Financial Advice

by Westpac

last updated 22/06/2022


The New Normal

by Westpac

last updated 22/06/2022


Daniel Cloete from Westpac on finding and funding business opportunities in a changing world

As the Westpac Economic Overview reported recently, 2022 is shaping up to be ‘another challenging year’. While the economists expect a return to firm levels of economic activity over the coming year, they are forecasting significant differences across sectors and regions. 

Daniel Cloete, Westpac's National Franchising Manager
Daniel Cloete

From a franchising point of view, some customers and systems are going exceedingly well, while others are really struggling. The staged opening-up of the borders and the economy will support recovery in some of these areas, but it’s not clear how fast.

Looking ahead, we need to consider the broader economic cycle and the influence of rising interest rates on disposable income.

So what does this mean for anyone looking to buy a business? Something that stood out in the latest Franchising Confidence Index was that while expectations for access to finance, availability of suitable staff and operating costs were particularly negative, one thing that was positive was the availability of suitable locations – something that may represent an opportunity.

Buyers may be able to negotiate lower prices for businesses that have had a rough couple of years, or find that site they always wanted at the right rent ratio.
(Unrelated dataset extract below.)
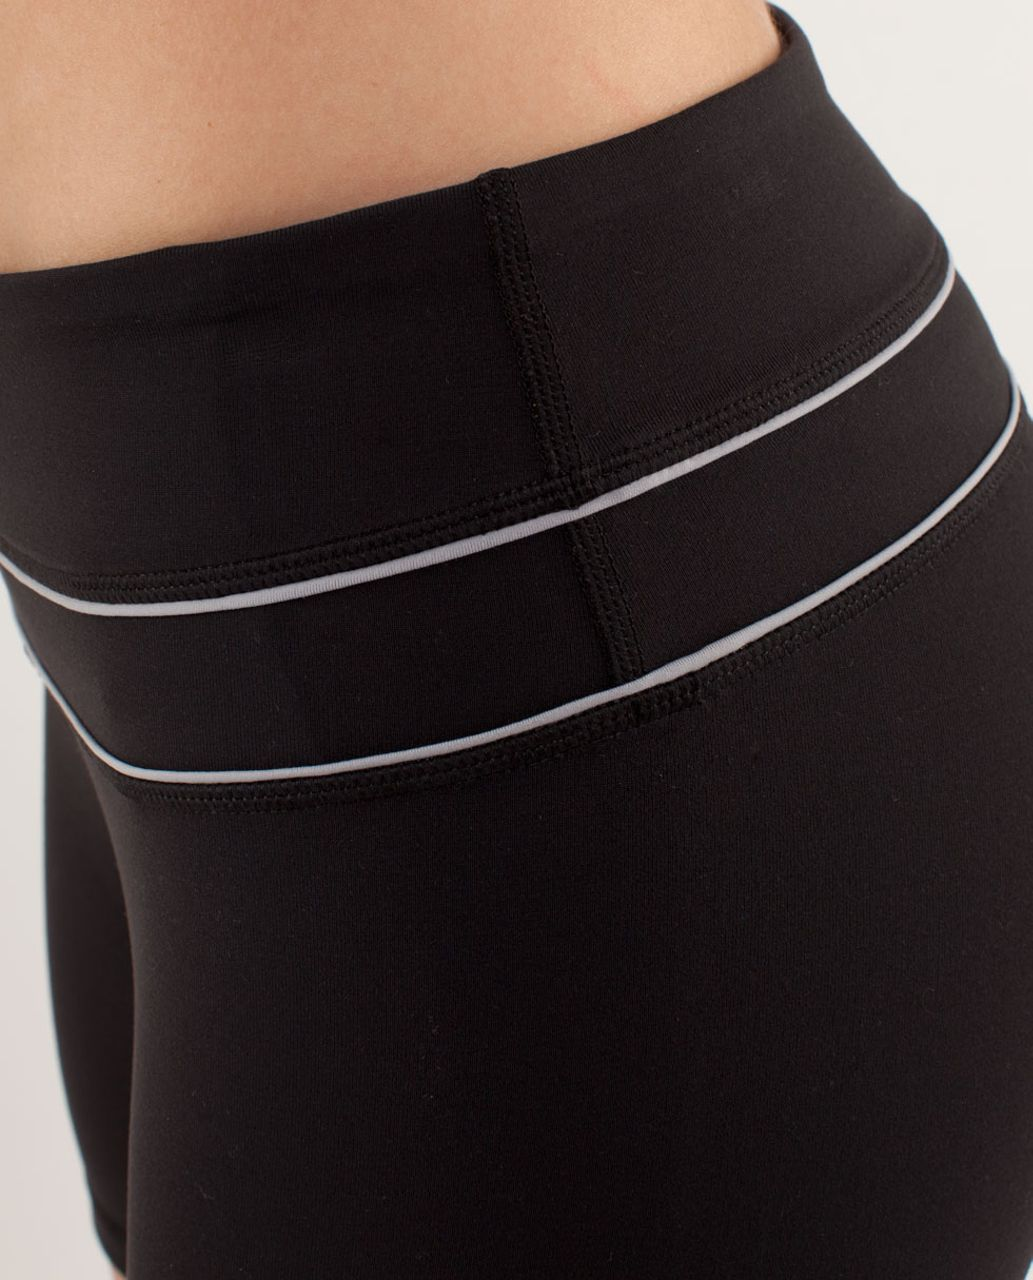 Lululemon Groove Short (Regular) *Silver - Black / Silver Slate

Landlords may be more negotiable on contribution towards fit-out, reduced rental bonds, and no rent periods during the start-up phase.

So, while it’s important to pay heed to the risks, keeping your finger on the pulse and ensuring you have the right financial advice could help you to capitalise on some golden opportunities.

Availability of funding

The good news is that, compared to historic averages, business interest rates remain very low and interest rates should not be a negative factor in getting business funding.
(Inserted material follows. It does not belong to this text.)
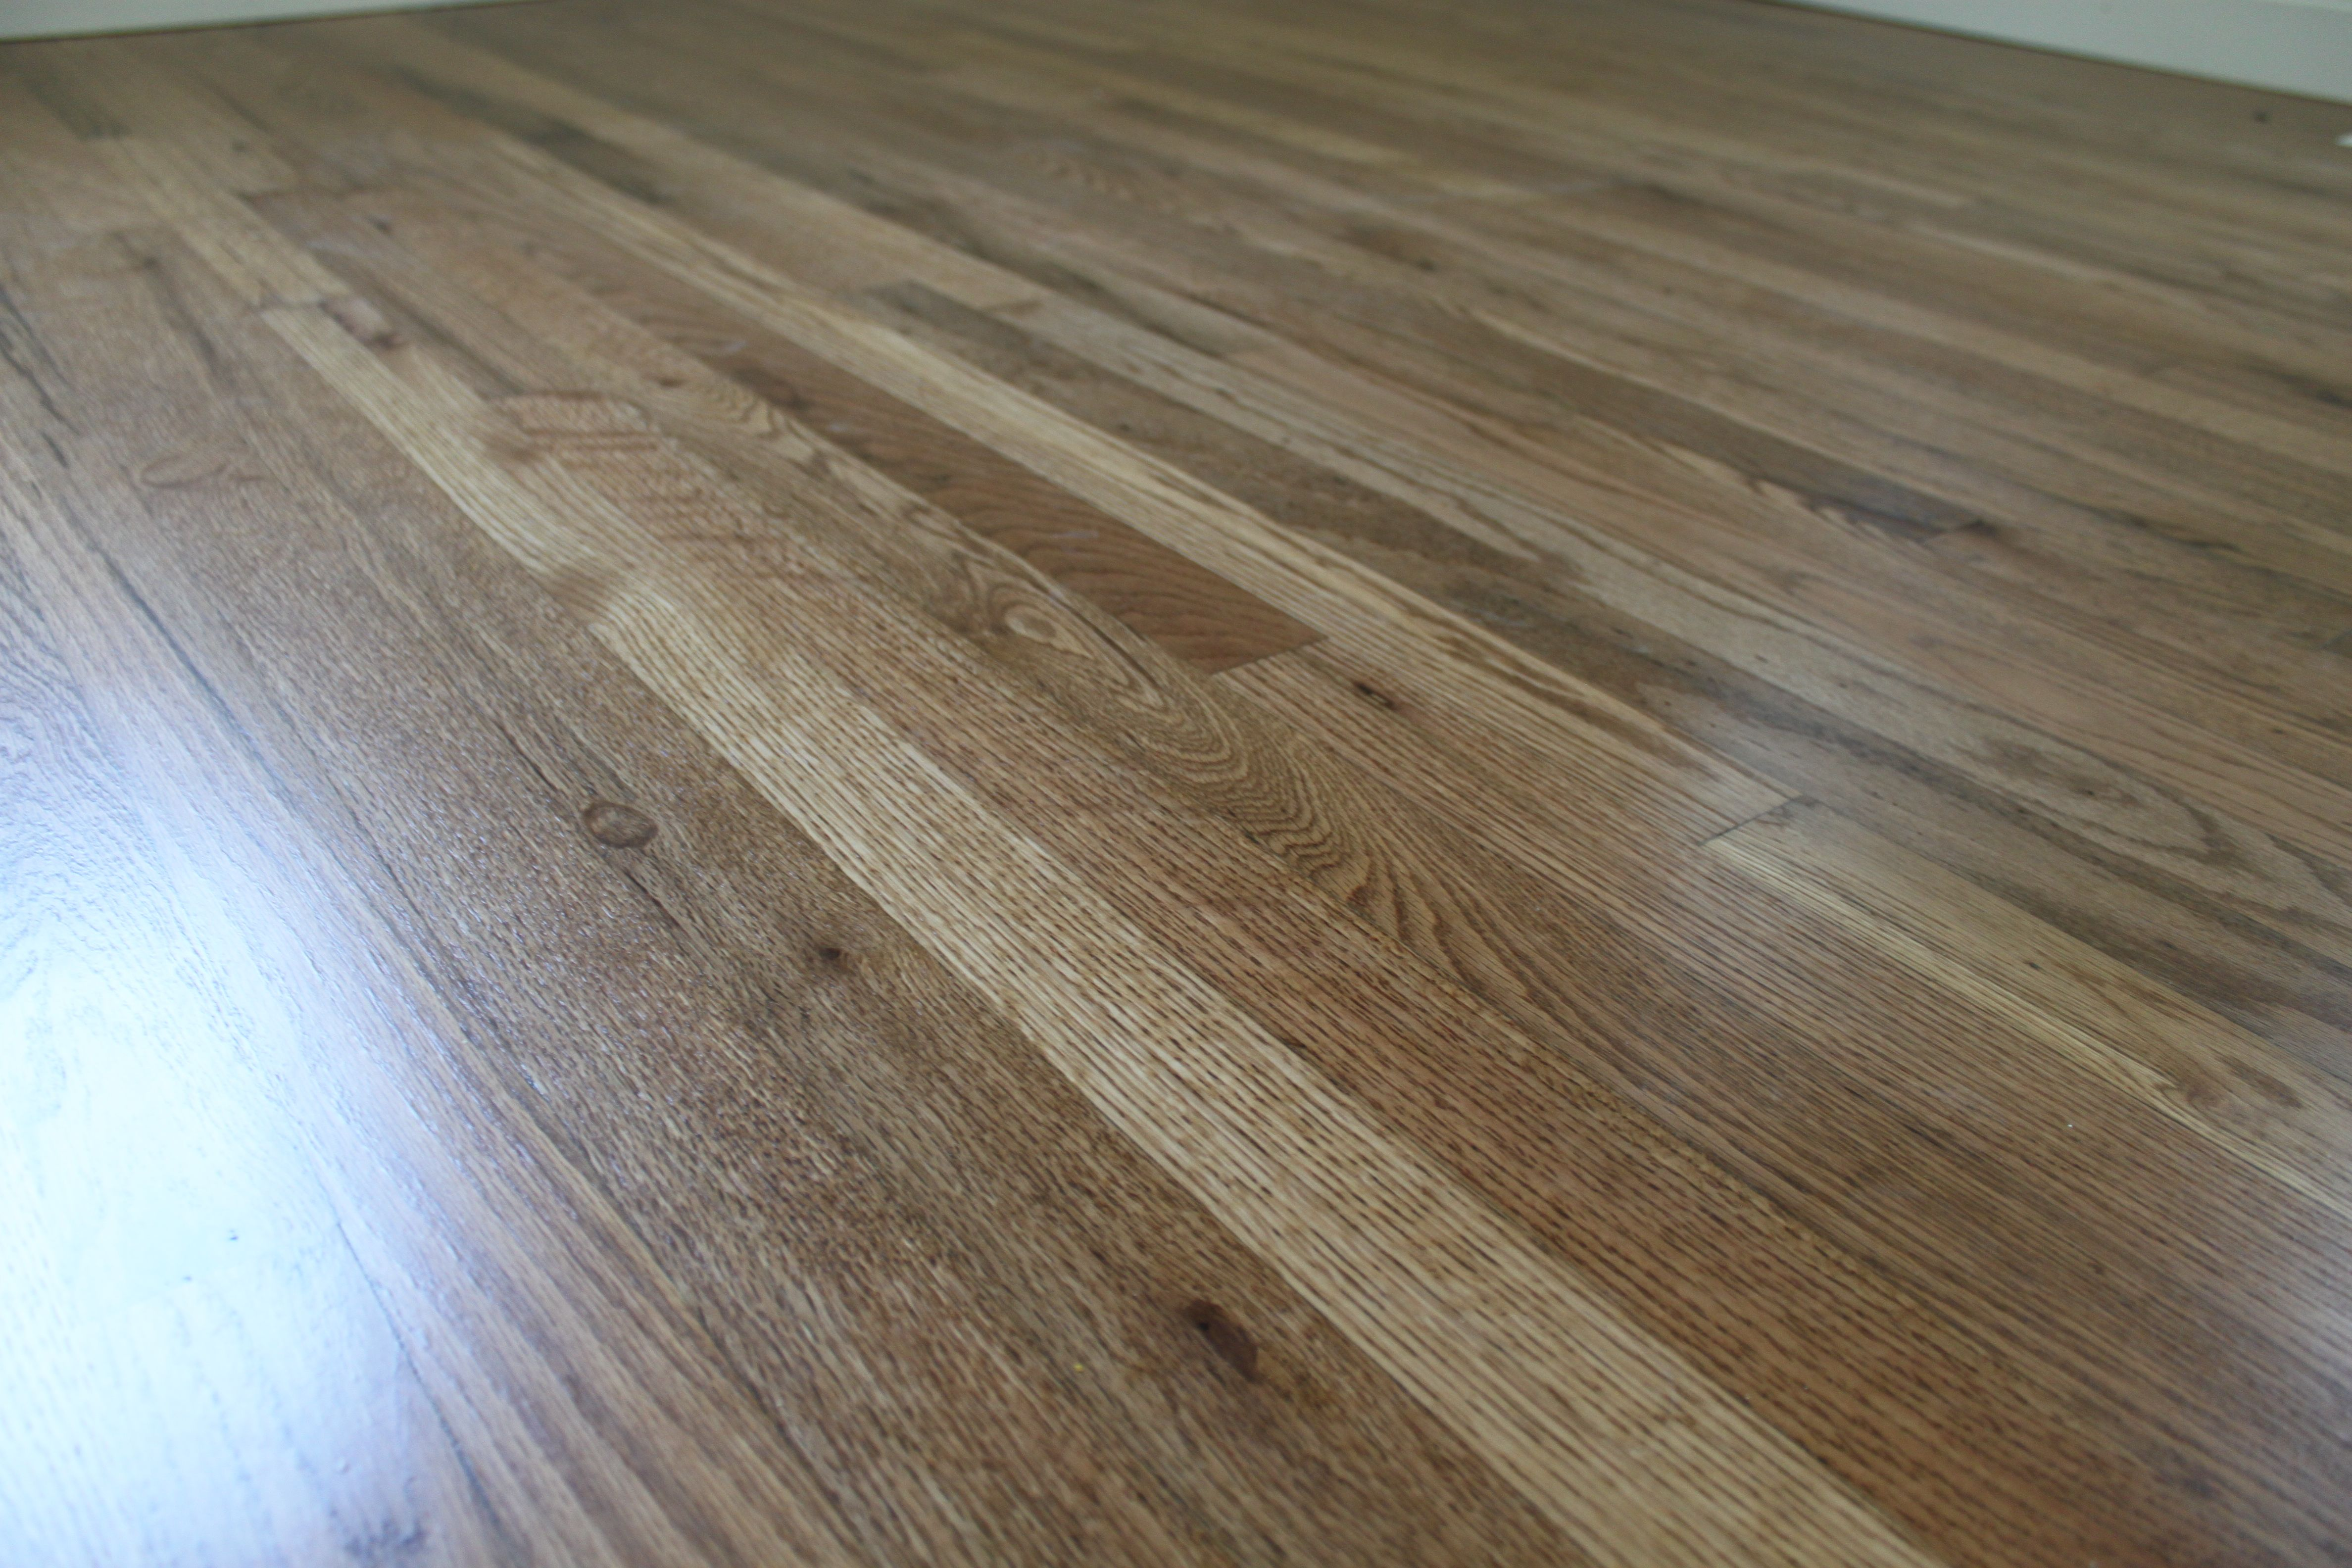 Red Oak Hardwood Floor Stained Floors Stains

However, funding (especially at the lower end where personal assets tend to be involved) has become more cumbersome. This is due to several factors, including the effects of Responsible Lending requirements and the CCCFA legislation (Credit Contracts and Consumer Finance Act). These are designed to protect the average borrower, which is a good thing, but have led to a lot of additional compliance requirements. I advise engaging your bank and accountant early to make sure everything is in place in a timely manner.
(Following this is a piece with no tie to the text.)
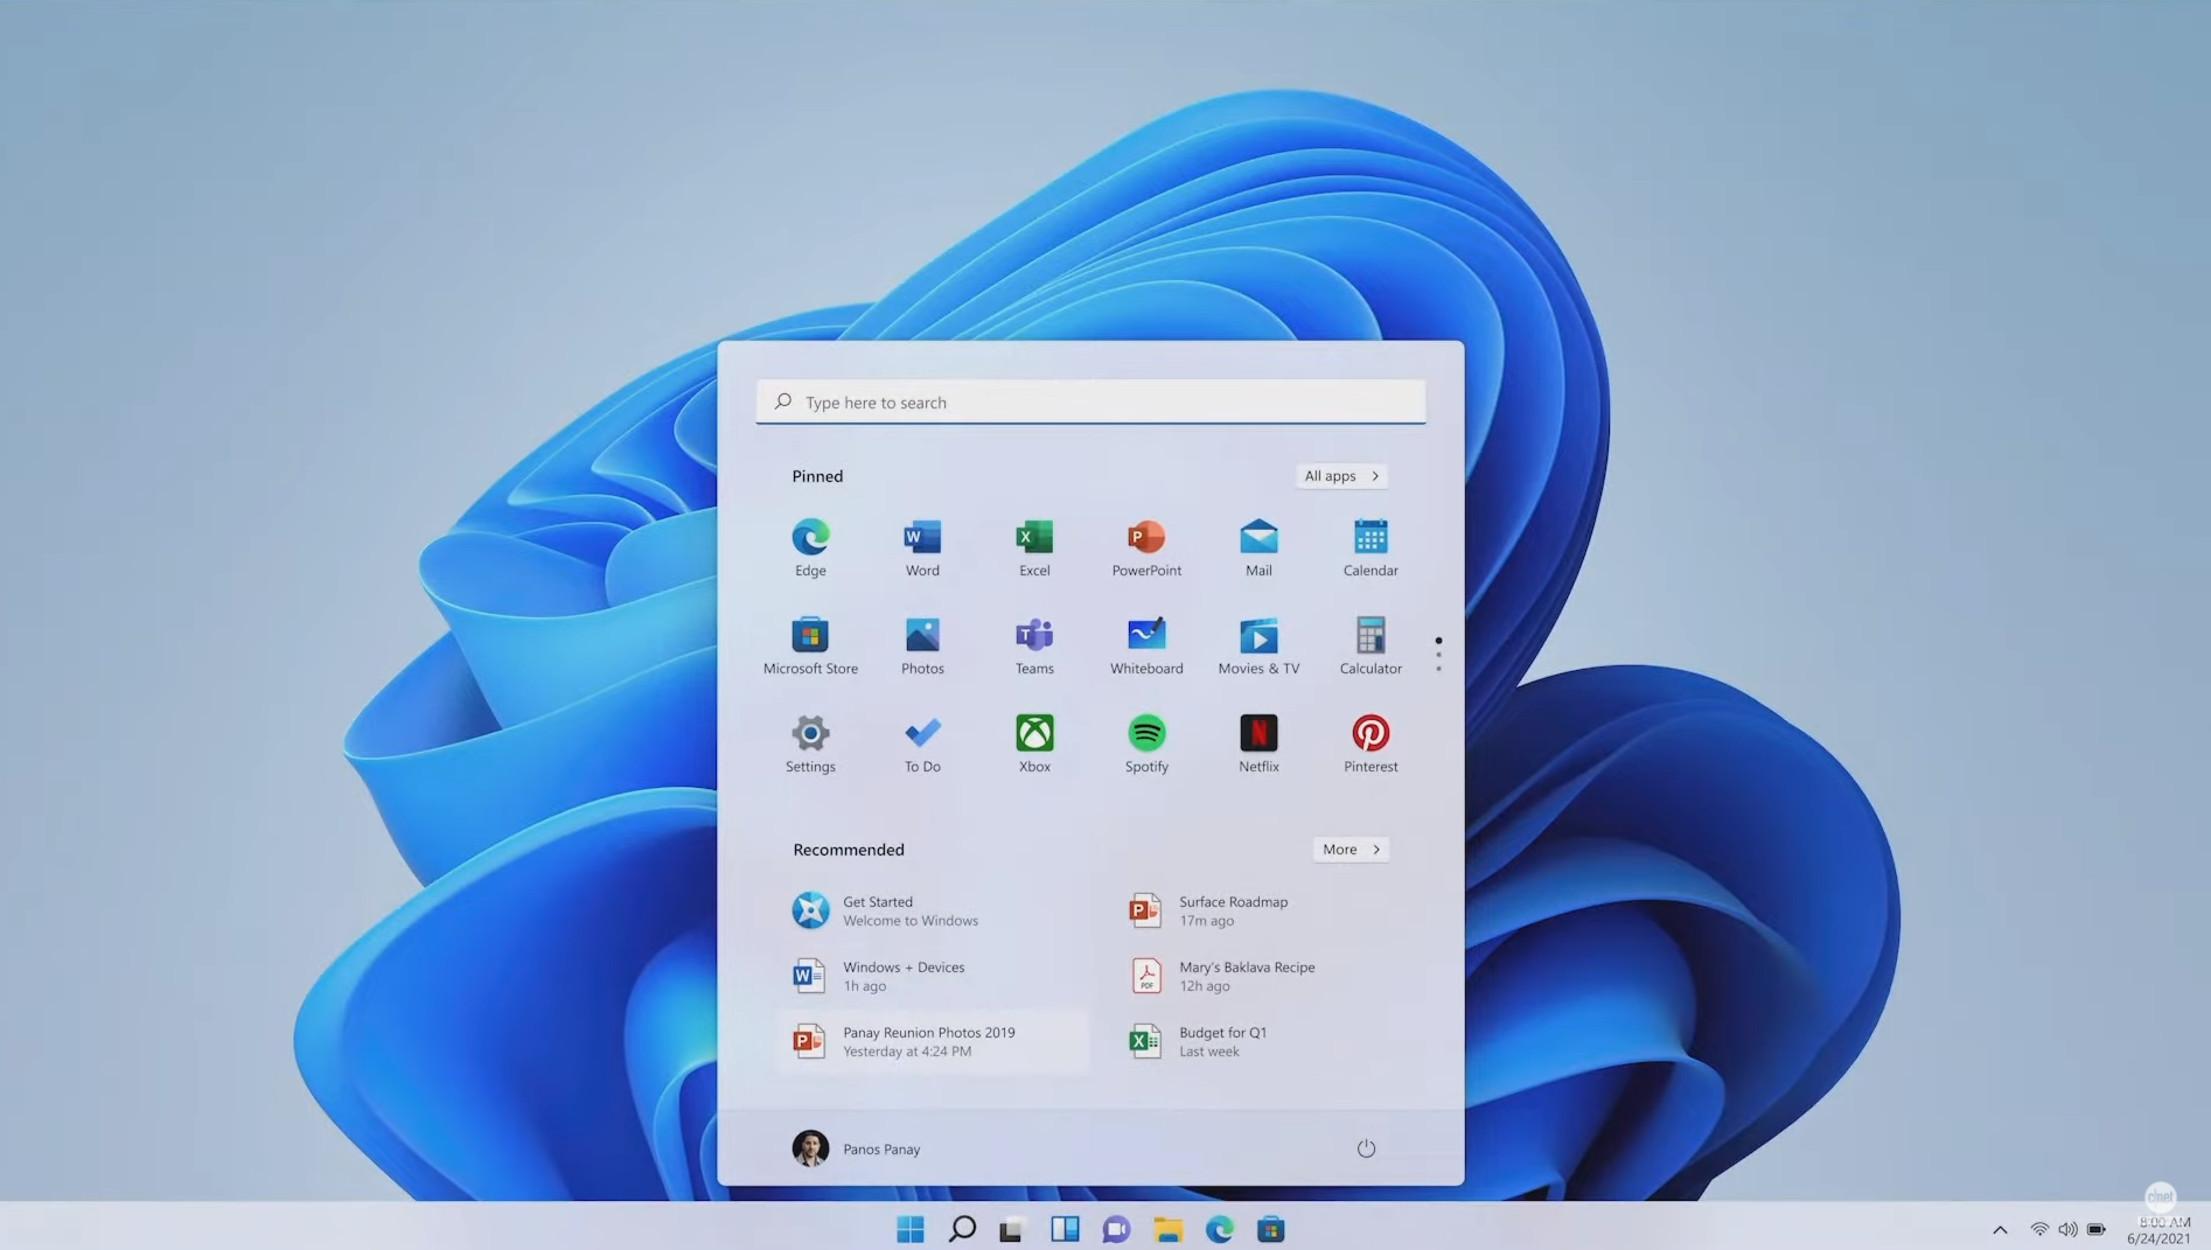 Windows 11: Διαθέσιμα από σήμερα από την Microsoft ως δωρεάν αναβάθμιση

Working capital - cash is king

Right now, cash is crucial to business survival – even for businesses that are making a profit. There are many examples where businesses must order stock (and pay for it) well ahead of time because of supply chain issues, while their customers are not paying them until the work is completed. This means that the business’s working capital blows out on both sides (debtors and creditors), which can lead even companies with overflowing order books into serious strife. They should involve their bank early and not try to manage it at the last minute.

After the last two years, most business owners will know their income and expenses better than ever before, which is great. Being able to forecast accurately and understand when shortfalls might arise, and how much they will be, can mean the difference between paying creditors on time or falling behind. Understanding your cash cycle can help put in place the right working capital facility to get you through those quiet periods without having to keep going to the bank for help.

Buying a franchise can improve your options

So, are the banks still lending? In general, yes – there is plenty of liquidity in the market and the banks have plenty of money to lend, provided the fundamentals of the business are sound. However, they are cautious, and more willing to lend to some industries than others. Your ability to borrow money against a business would be restricted if the industry in which it operates is struggling.

This is where buying a franchise business can actually improve your chances of getting lending approved, especially if you are buying into a recognised brand with a history of viability throughout the economic cycles. One thing is for sure – it is more important than ever to find a bank that understands you, your business, and your future plans. Choosing a bank that has a strong relationship with, and understanding of, the franchise can significantly improve the chances of getting a loan approved.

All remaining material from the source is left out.